Member of the United States House of Representatives from Vermont's at-large district
- In office January 3, 1951 – January 3, 1959
- Preceded by: Charles Albert Plumley
- Succeeded by: William H. Meyer

Speaker of the Vermont House of Representatives
- In office 1947–1949
- Preceded by: Joseph H. Denny
- Succeeded by: J. Harold Stacey

Member of the Vermont House of Representatives from Newport
- In office 1941–1949
- Preceded by: John M. Bradley
- Succeeded by: Robert W. H. Davis

Mayor of Newport, Vermont
- In office 1938–1941
- Preceded by: John M. Bradley
- Succeeded by: Ona S. Searles

Personal details
- Born: Winston Lewis Prouty September 1, 1906 Newport, Vermont, U.S.
- Died: September 10, 1971 (aged 65) Boston, Massachusetts, U.S.
- Party: Republican
- Spouse(s): Frances C. Hearle Backus (1939-1960, her death) Jennette Herbert Hall (1962-1971, his death)
- Children: 3
- Education: Lafayette College (attended)
- Profession: Businessman

= Winston L. Prouty =

American banker and politician (1906–1971)

Winston Lewis Prouty (September 1, 1906 – September 10, 1971) was an American banker and Republican politician who represented Vermont in the United States House of Representatives from 1951 to 1959 and the United States Senate from 1959 until his death in 1971. He also served as mayor of the city of Newport and a member of the Vermont House of Representatives.
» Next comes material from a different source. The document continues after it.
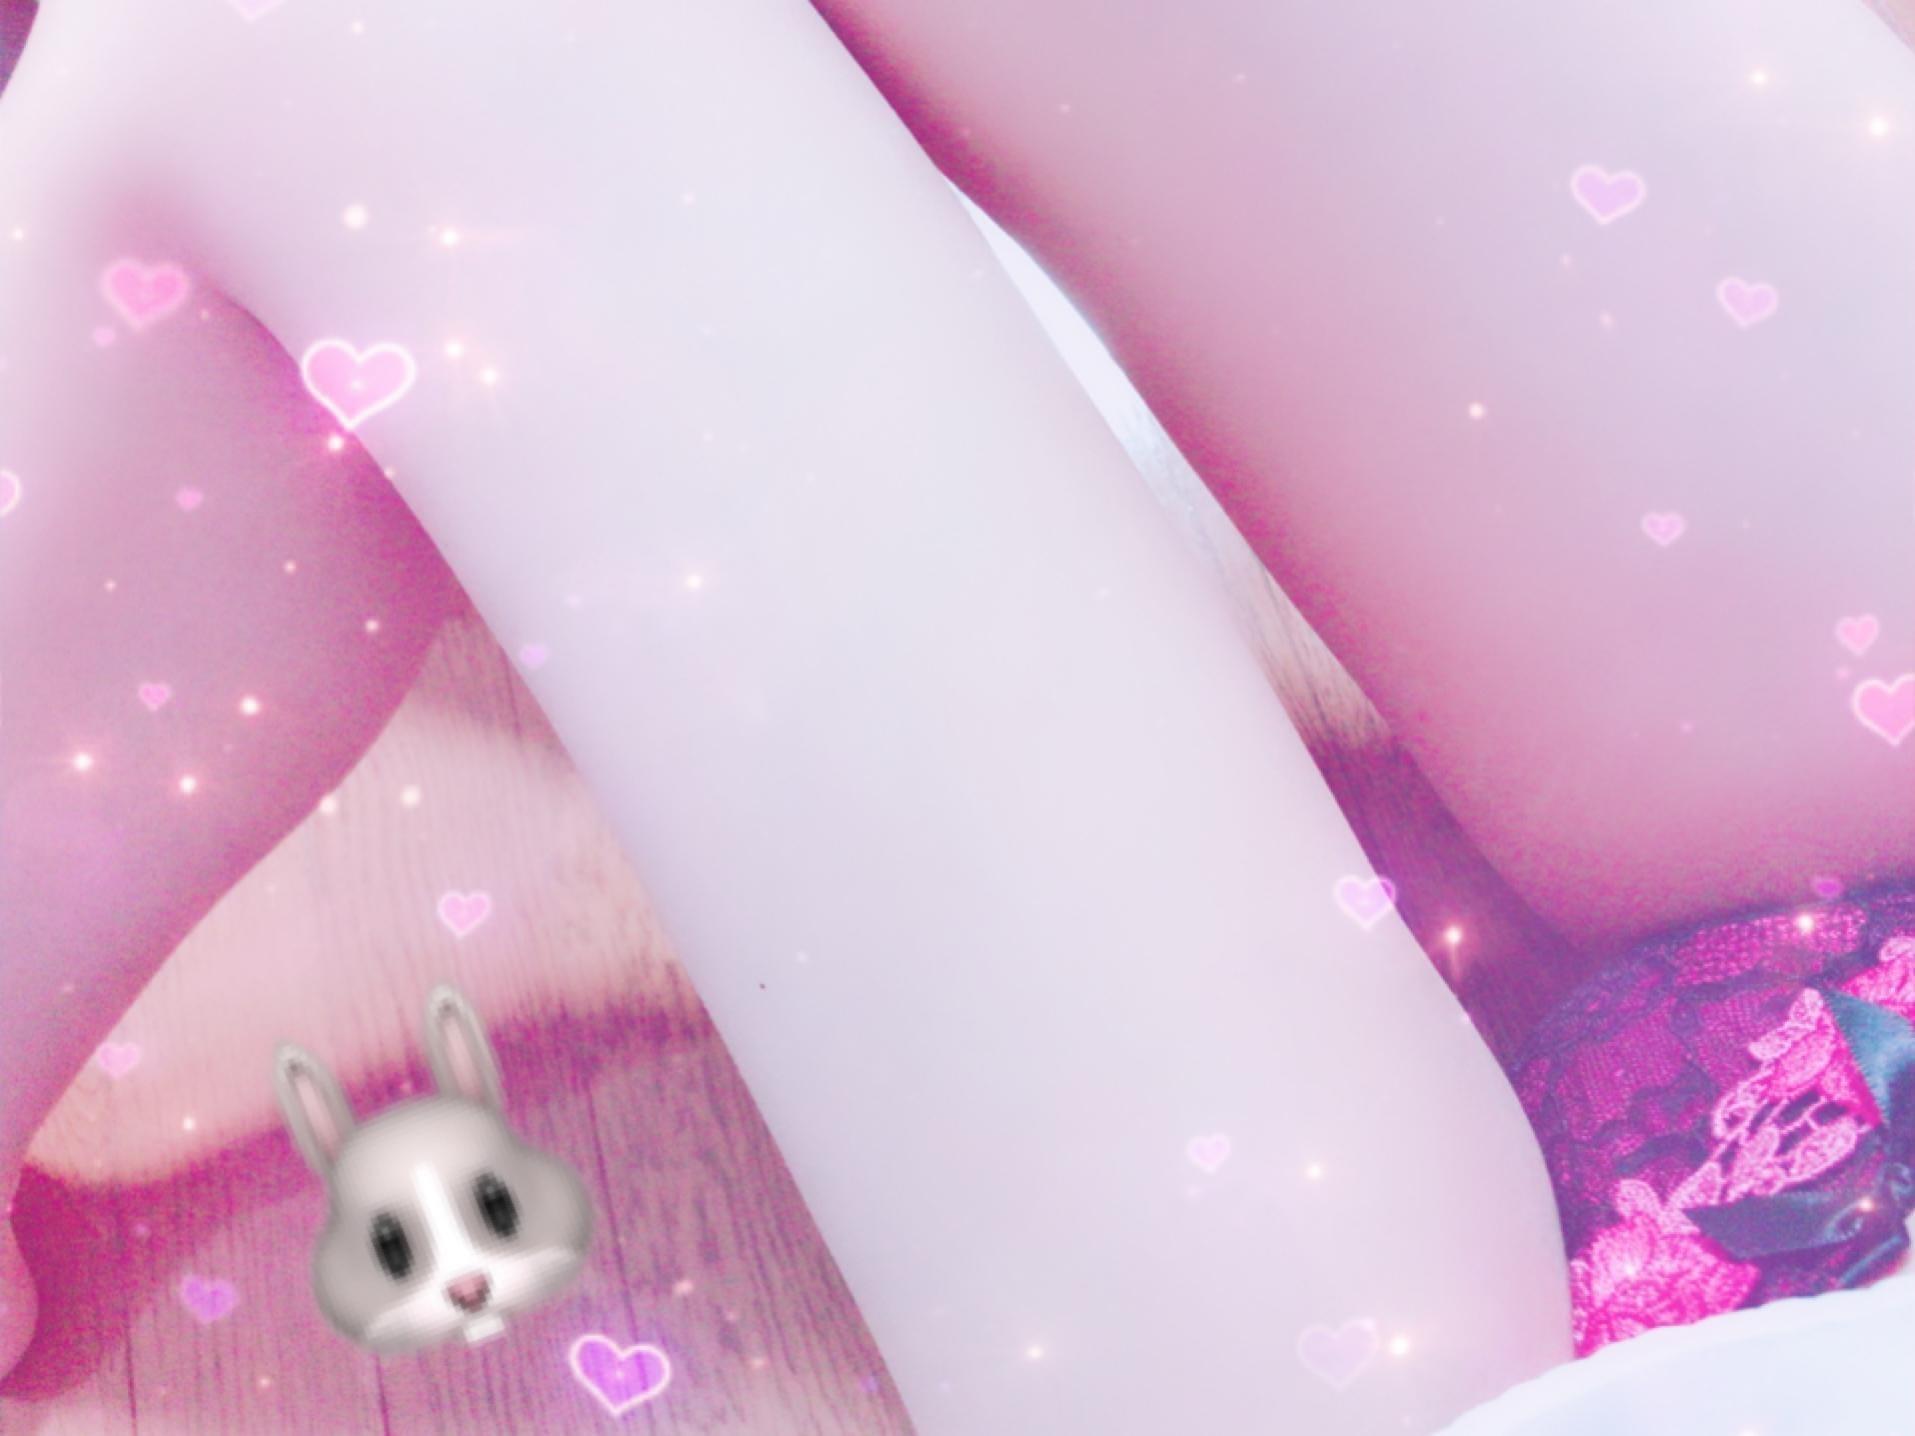 「おれい」10/20(土) 04:25 | みなみ☆極上スレンダー美少女の写メ・風俗動画

He was elected Speaker of the Vermont House of Representatives from 1947 to 1949.

==Early life and education==
Winston Prouty was born in Newport, Vermont, to Willard Robert and Margaret (née Lockhart) Prouty. His family owned Prouty & Miller Lumber Company, a lumber and building material business. His family was also involved in politics; his father and grandfather both served as state legislators. His uncle Charles A. Prouty was a member of the Interstate Commerce Commission, and another uncle, George H. Prouty served as Governor of Vermont from 1908 to 1910.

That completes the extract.